(SOURCE MATERIAL begins)
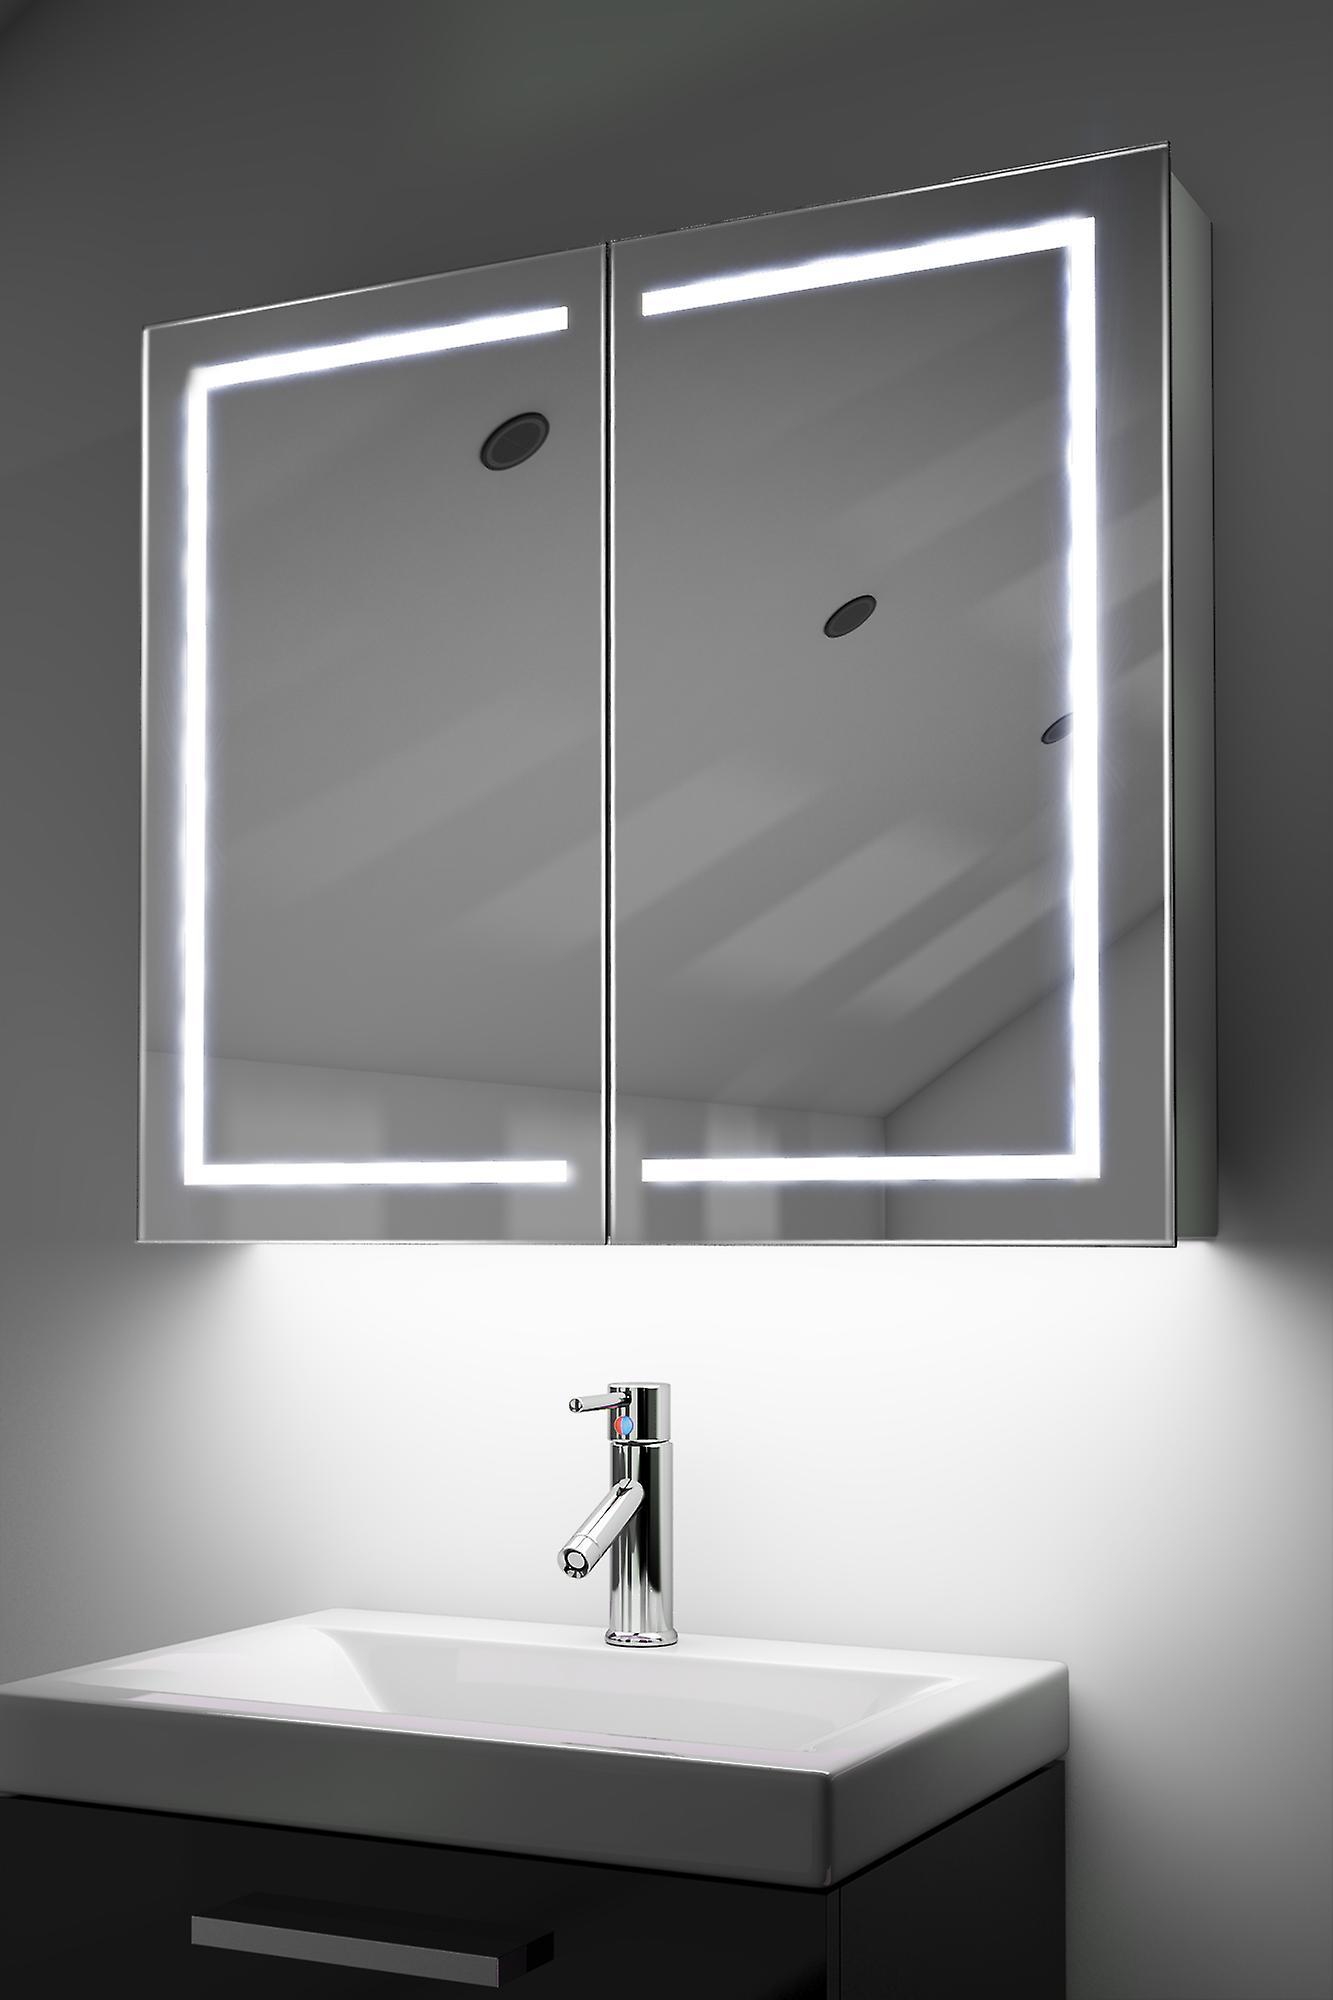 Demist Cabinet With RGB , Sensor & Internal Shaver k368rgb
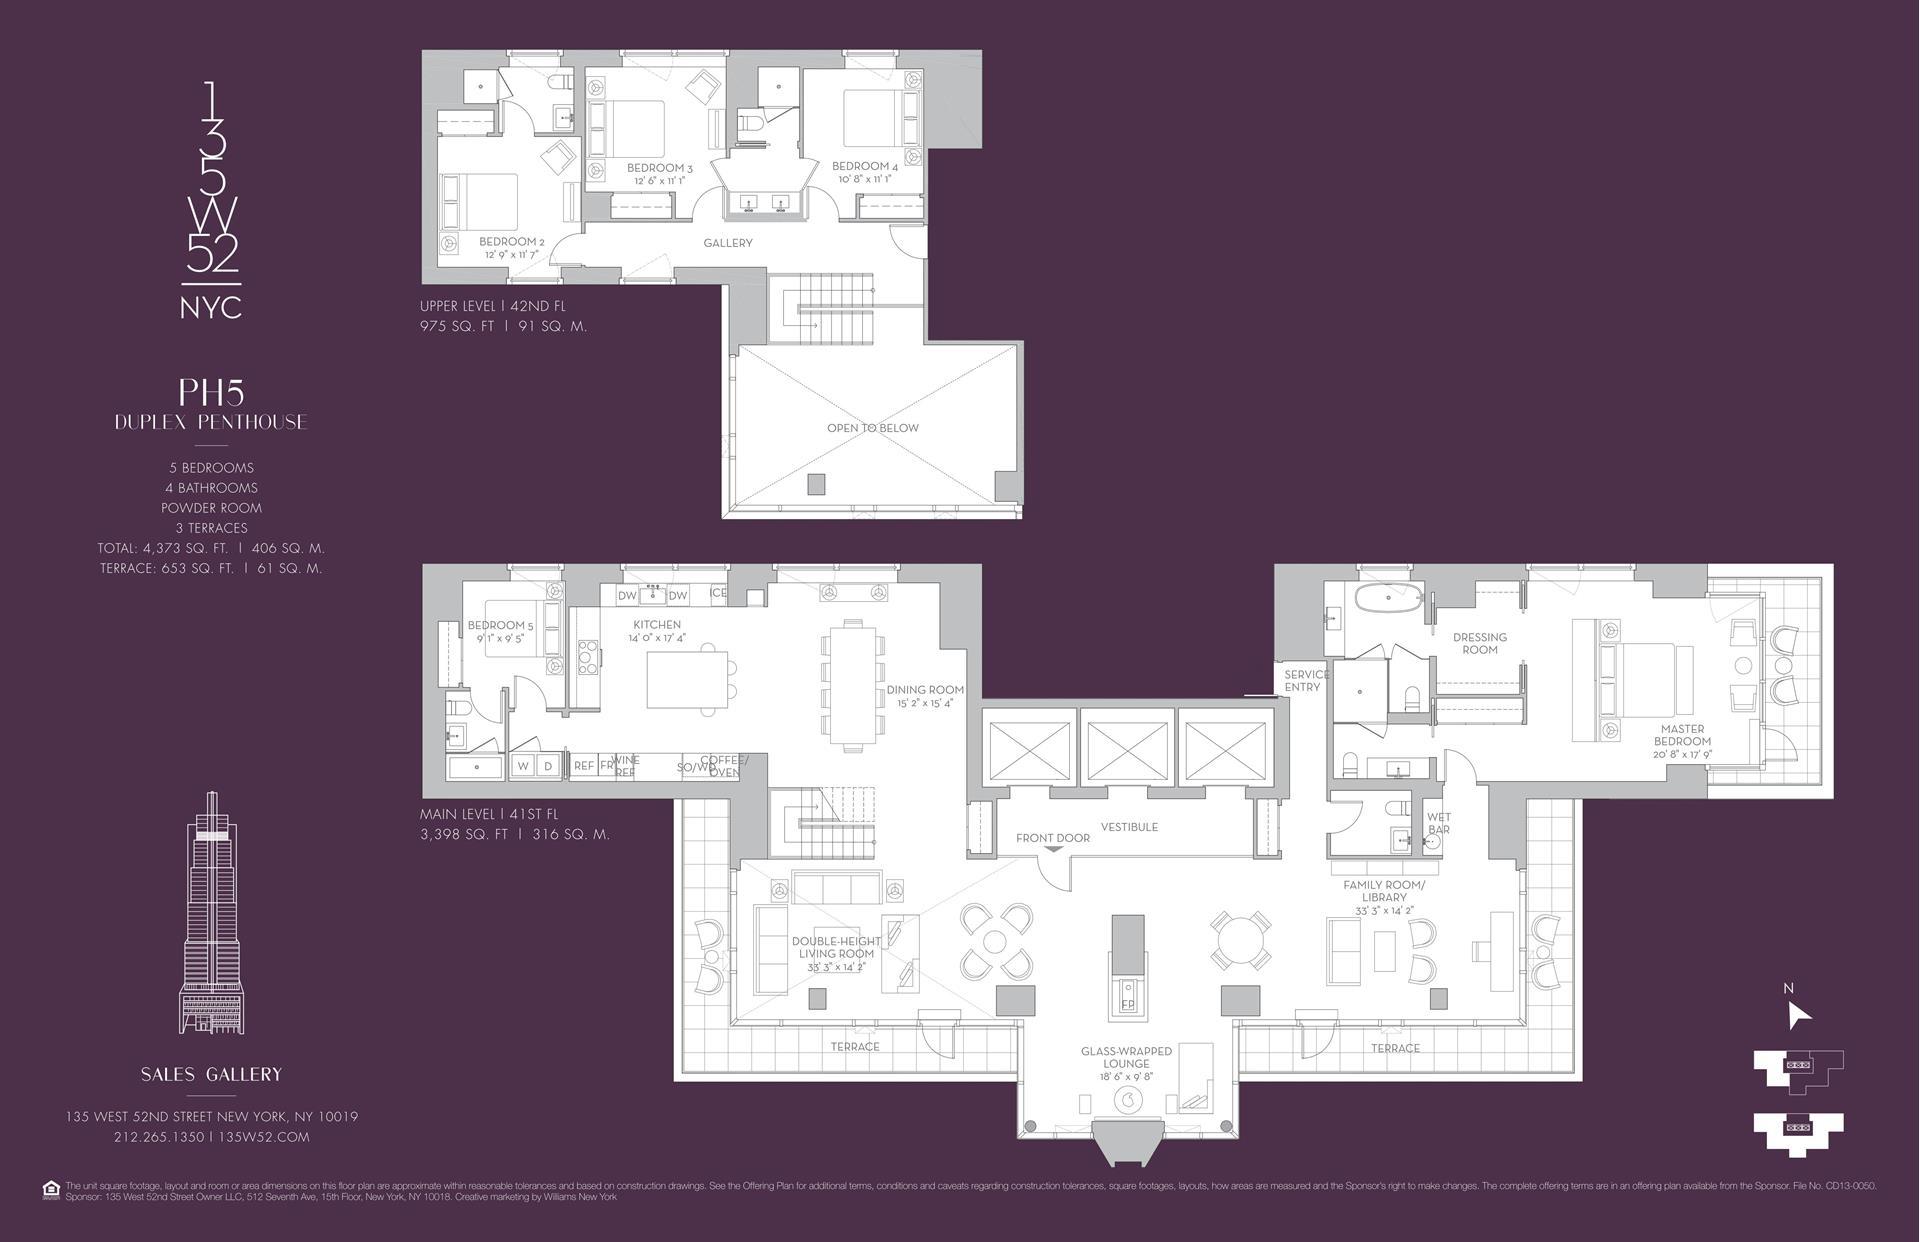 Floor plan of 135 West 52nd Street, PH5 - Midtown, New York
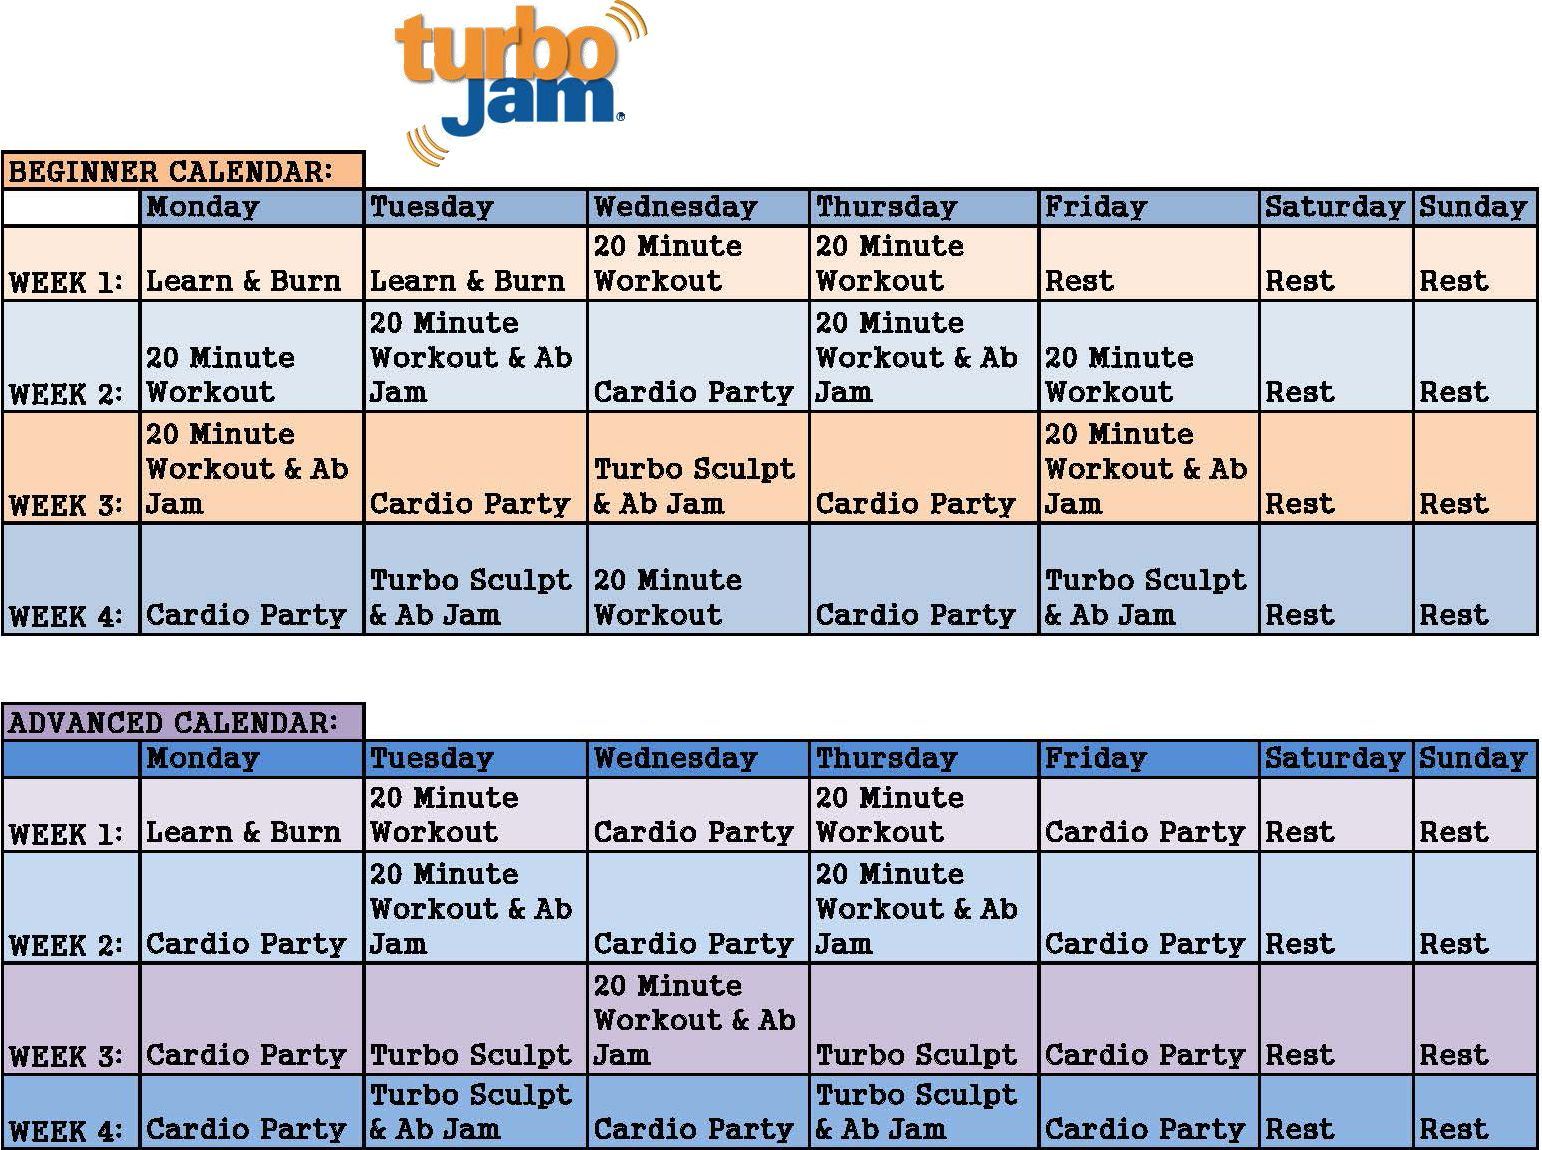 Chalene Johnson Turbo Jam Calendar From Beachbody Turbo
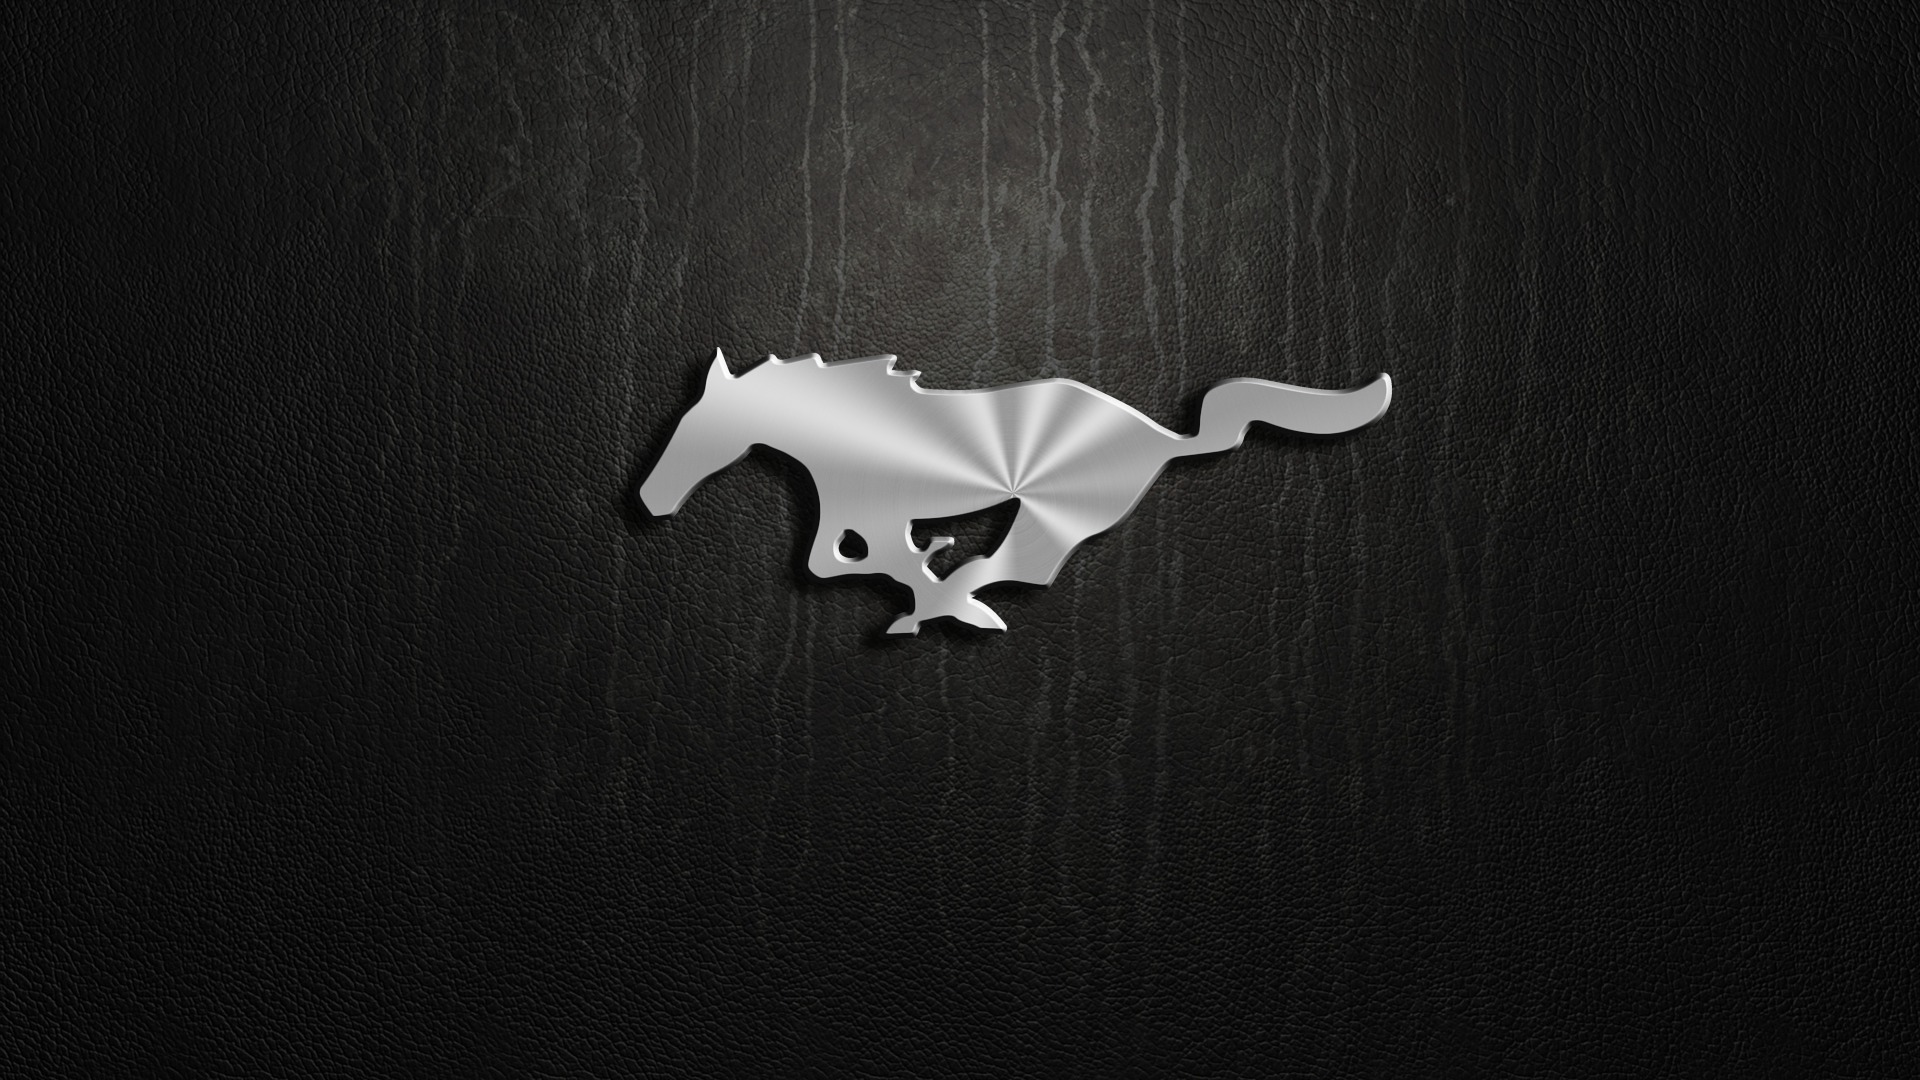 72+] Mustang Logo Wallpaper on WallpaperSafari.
(SOURCE MATERIAL ends)
#### YOUR GOAL:
Lines from the one that holds "Chalene Johnson Turbo" through the final line of the material are to be duplicated exactly; no pictures belong in the copy.

#### ANSWER TO THIS EXERCISE:
 Chalene Johnson Turbo Jam Calendar From Beachbody Turbo
 72+] Mustang Logo Wallpaper on WallpaperSafari.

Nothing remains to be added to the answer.